Deux collèges ont été constitués : celui des auteurs et celui de l'Académie. Un premier tour, ouvert jusqu'à vendredi, permet aux deux collèges de choisir ensemble trois noms de la liste. À partir du 19 janvier, les trois noms arrivés en tête de ce vote électronique seront proposés séparément aux suffrages des deux collèges, lors d'un second tour, afin d'aboutir à la désignation du Grand Prix 2014, rappelle l'AFP.

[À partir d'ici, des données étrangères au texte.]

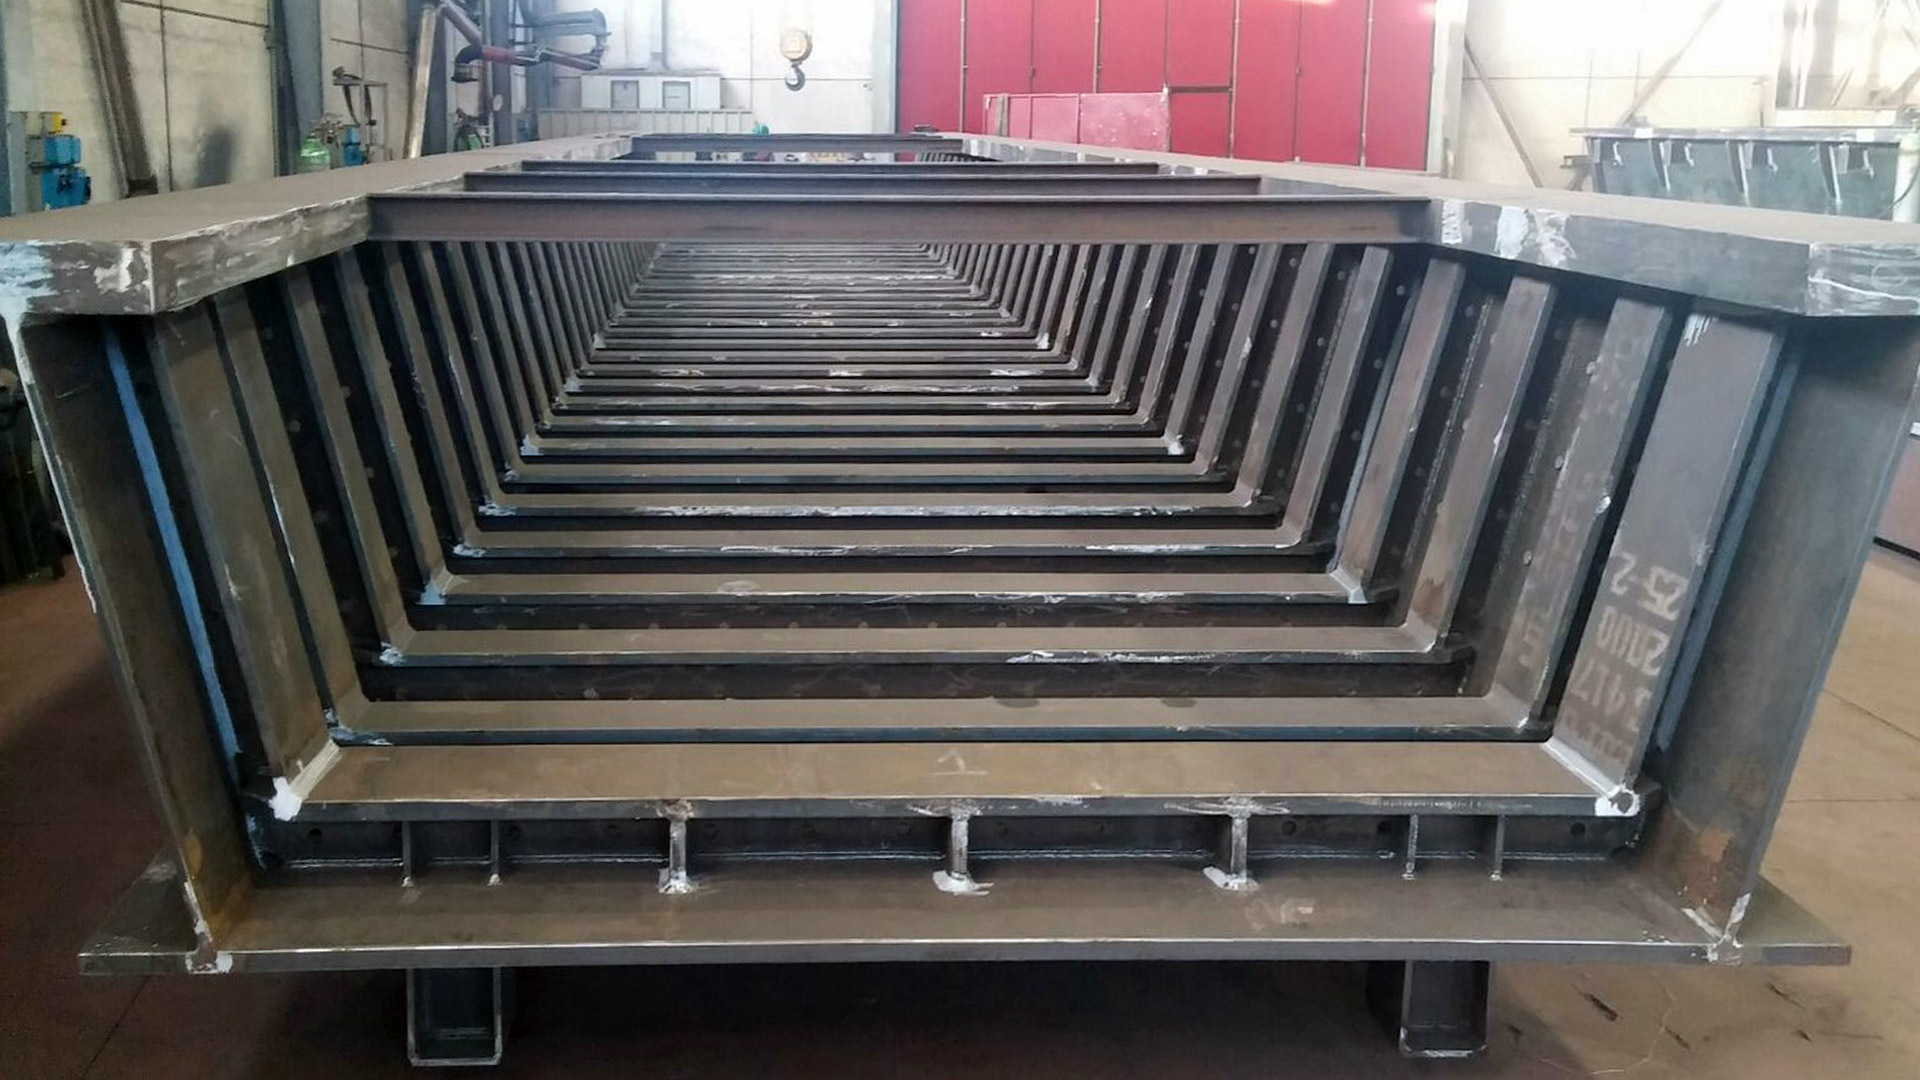 rio-borghetto-ponte-vista-frontale-carpenteria-civile-metal-engineering

Du côté des auteurs, le nouveau mode de scrutin satisfait, sans surprise. Trondheim, qui avait l'an passé dénoncé le mode de désignation final du lauréat, sans remettre en cause la légitimité de celui-ci, déclare : « Je trouve très bien le nouveau mode d'élection. D'autant qu'il y a déjà eu 2 élections au suffrage universel des auteurs dans les années 90 avec Goossens puis Crumb l'année suivante comme lauréats. Et à ce moment, les Grands prix n'avaient pas 50 % des voix comme maintenant. Et ils n'avaient pas été consultés non plus. Si les académiciens étaient capables de se mettre d'accord sur un nom, ils auraient de facto la majorité », note-t-il, contacté par email.